Rapid injection agents exploit the biggest design flaws in enterprise AI by targeting RAG pipelines and model routers.



In the last two years, enterprises have been trying to adapt large language models (LLM) to support, analytics, development and internal automation like never before.

Along with the increased acceptance AI technologyanother trend is gaining momentum—cybercriminals are exploiting the disconnect between assumptions about LLMs and their actual characteristics.

In 2025 and 2026, several independent sources highlighted the same trend: Rapid injection remains one of the most effective and widely demonstrated attack vectors against LLM systems. The OWASP LLM Top 10 (2025) list operative injection as LLM01 and identify it as the most critical category of LLM-specific vulnerabilities. second consecutive edition. OWASP’s ranking reflects the fact that LLMs still struggle to reliably separate instructions from data, leaving them vulnerable to manipulation through crafted inputs.

CrowdStrike 2026 Global Threat Report — built on frontline intelligence among more than 280 monitored adversaries — documented that in 2025, threat actors injected malicious instructions into legitimate generative AI tools at more than 90 organizations. They then used those injections to create commands that stole credentials and cryptocurrency. The report made it clear: "Notifications are the new malware." AI adversaries increased their total attack volume by 89% year-over-year with rapid injection acting as both an entry point and a power bed.

Real-world events show operational impact. In August 2024 PromptArmor’s researchers Slack disclosed an emergency injection vulnerability in AI that allows an attacker to exfiltrate data from private Slack channels to which an attacker has no access (including API keys shared in private developer channels) by placing a malicious instruction in a public channel or including it in an uploaded document.

In June 2025 Researchers at Aim Security Microsoft has disclosed EchoLeak (CVE-2025-32711, CVSS 9.3), the first documented zero-click rapid injection exploit against a production AI system, targeting Copilot 365. By sending a single crafted email, with no user interaction required, an attacker could cause Kopilot to access internal files and transmit their contents to a server controlled by the attacker.

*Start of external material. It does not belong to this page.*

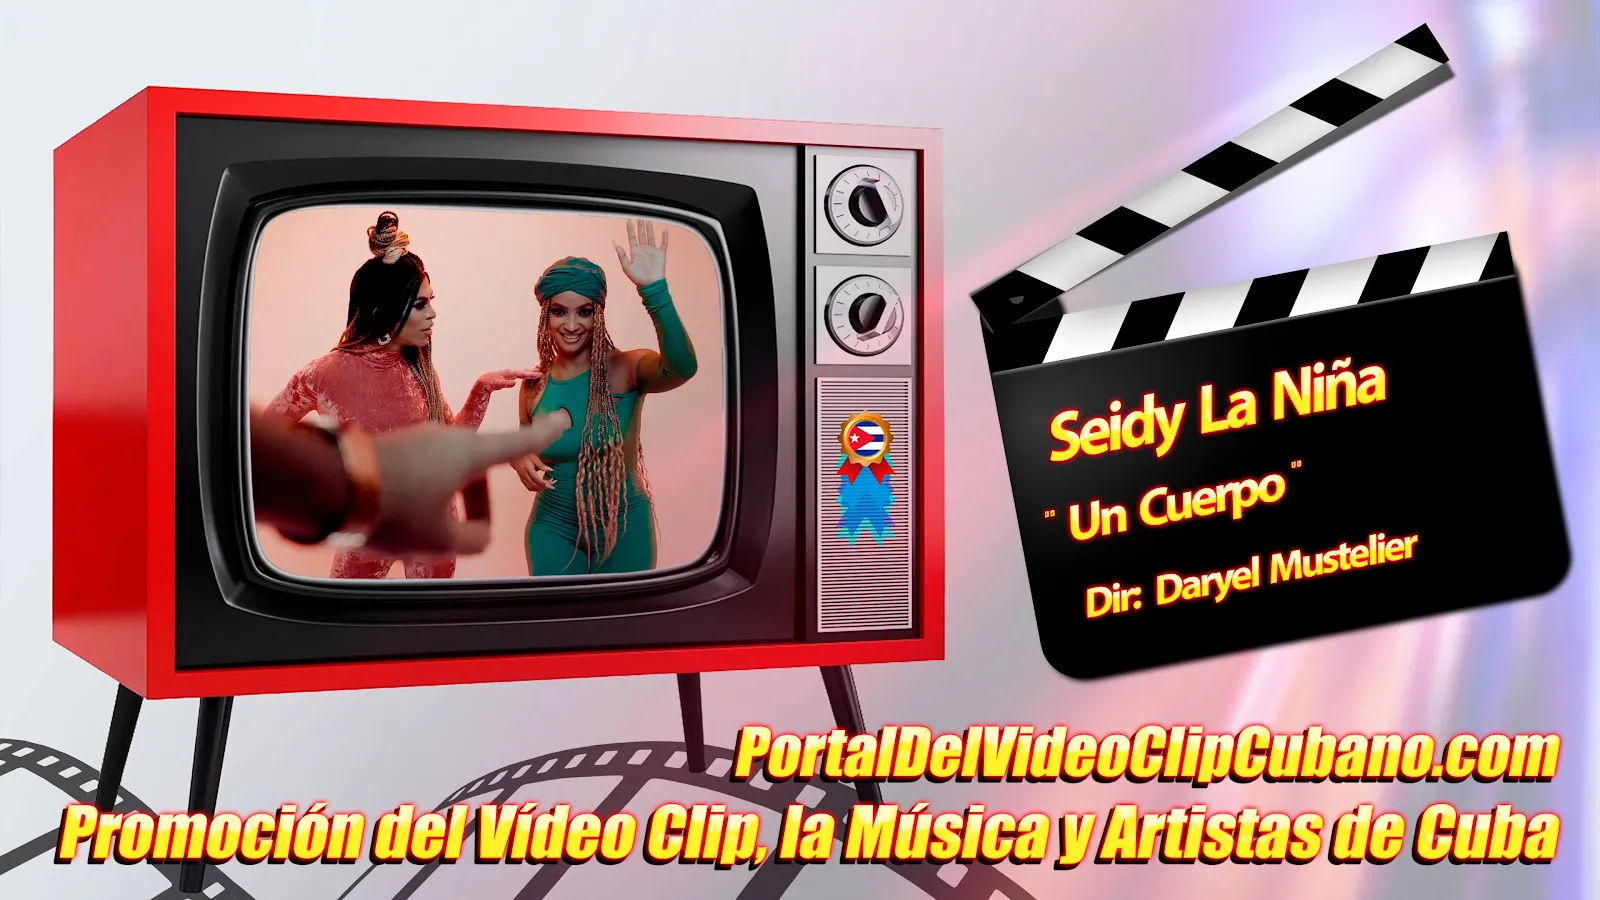 Seidy La Niña - ¨Un Cuerpo¨ - Director: Daryel Mustelier. Portal Del Vídeo Clip Cubano. Videoclip. Música Urbana Cubana. CUBA.

Both weaknesses they were patched up. These events quickly highlight that injection is not a theoretical vulnerability, but a practical, recurring threat that organizations must address when deploying AI systems at scale.

Rapid injection techniques have evolved greatly over the past years, now targeting multi-agent architectures, retrieval-augmented generation (RAG) pipelines, model routers, and long-term storage capabilities.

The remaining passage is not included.